I gave Mrs. Chuck a DVD set of old TV Christmas shows and we’ve been watching them the past few days.
One was particularly disturbing: A Christmas episode of Dragnet. In it, a boy opens his Christmas present – a .22 rifle – a bit early and starts playing with it with his best friend. The rifle goes off accidentally and the friend dies.
Really poor choice of theme for a Christmas episode (it was aired in the Christmas season). Jack Webb wanted it to be a lesson to adult to not give their kids guns (the boy, BTW, is about the same age as Ralphie on A Christmas Story – but a BB gun won’t do anything worse than shoot your eye out), but it’s hardly Christmas fare.
What made it even worse was the ending. The parents of the dead boy decided to give all his presents to the boy who shot him. I suppose the idea was that they could watch him opening and think of how happy their son would be, but this seems to give the message: if someone gets shot while playing with guns, you get their toys!
I suspect there was some outrage about the story, because the next Christmas, Dragnet had a sweet story about a baby Jesus being stolen from a church.
I don’t think I’ve ever seen anything that was just so wrong on all levels: wrong theme, wrong message, etc.
Anything else you’ve seen that’s just plain inappropriate in multiple ways? I don’t mean bad acting or script (only), but just plain “what were they thinking?” wrongness.
I heard the radio version of this episode a few years ago. It’s definitely a downer, but affecting, and I wouldn’t say it’s wrong. The ending you mention, if memory serves, was intended as a gesture of forgiveness toward a kid who was carrying an enormous load of guilt.
If anybody wants to watch it (and many of you will not), I think this is the episode in question. And here’s the IMDB entry.

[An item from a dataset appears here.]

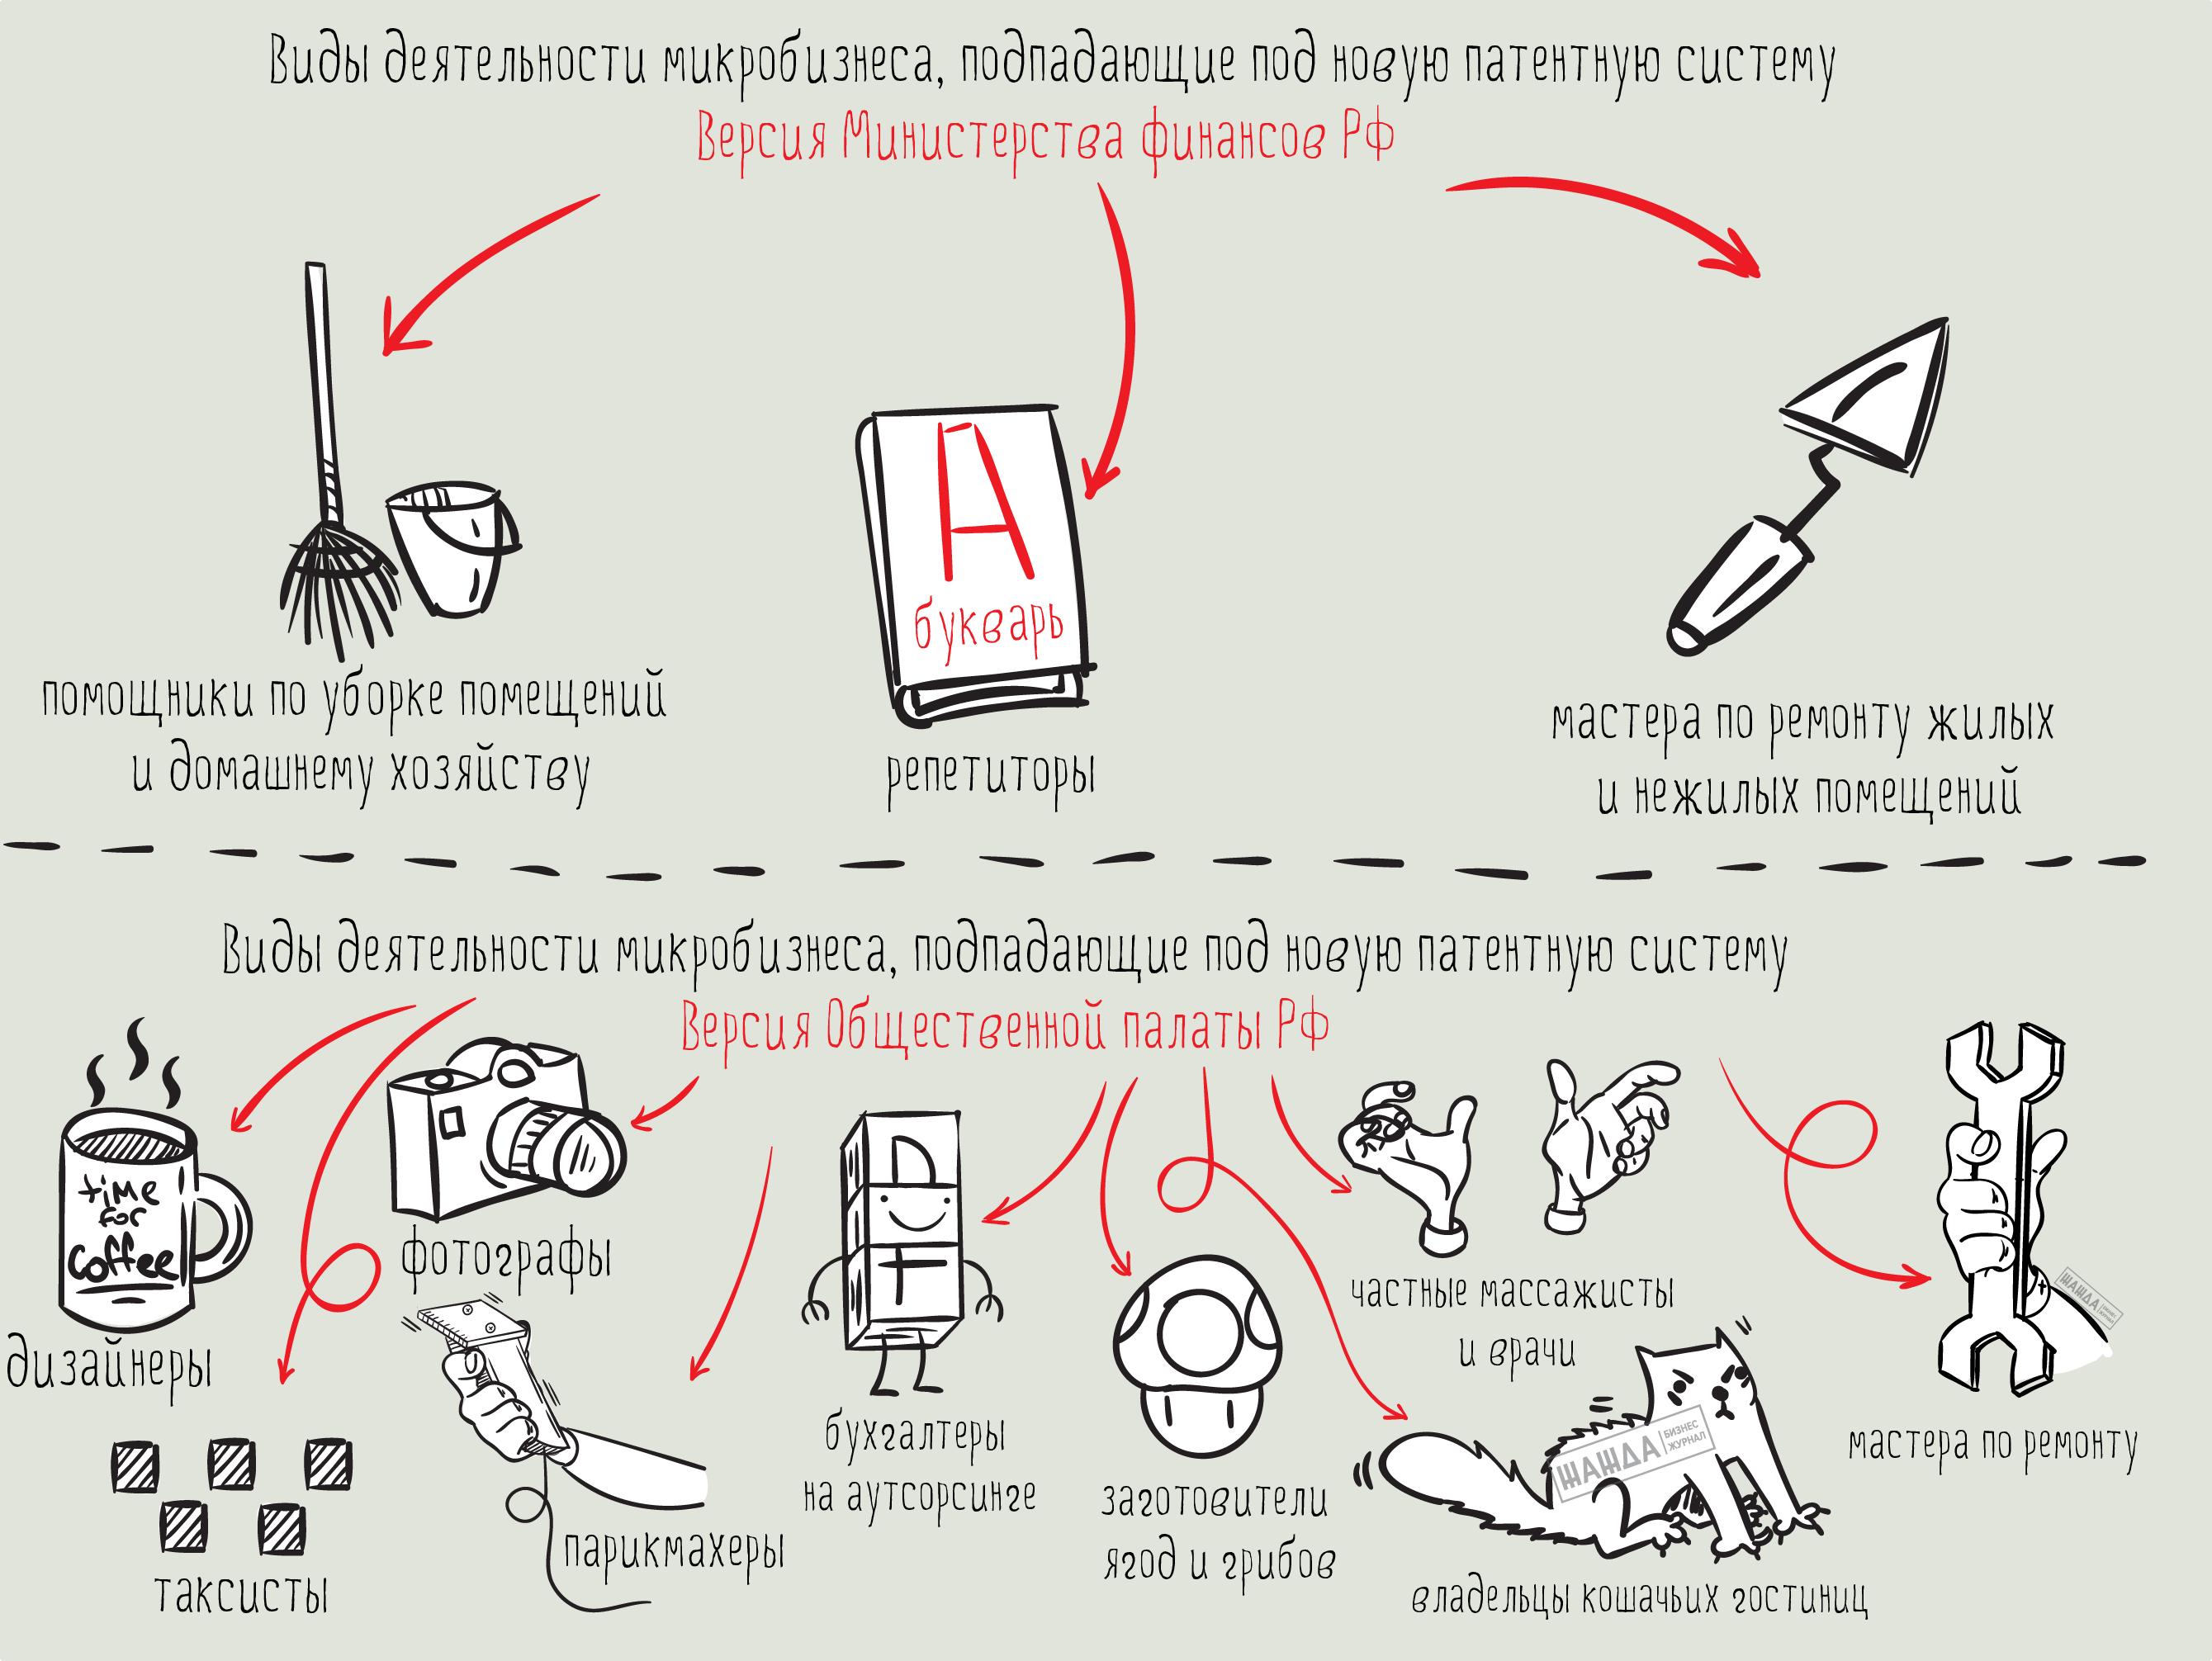 Виды деятельности микробизнеса, попадающие под новую патентную систему

I don’t see how that’s any less appropriate Christmas fare than, say, The Little Match Girl. There’s a pretty well established tradition of downer Christmas fables.
Not sure about the whole, “He gets the dead kid’s presents,” thing, though. That does seem a little sketchy.
In the original version of television’s Rudolph the Red-Nosed Reindeer, the misfit toys were left on the the Island of Misfit Toys. So many people wrote in to complain that a new ending was filmed where the toys were retrieved and given homes. Since the moral of the Rudolph story is to not discount people because of their differences, the original ending was antithetical to the story.
No, the original ending was not to discount people for their differences until it turns out you can use them for something. Seen in that light it makes more sense to leave the toys.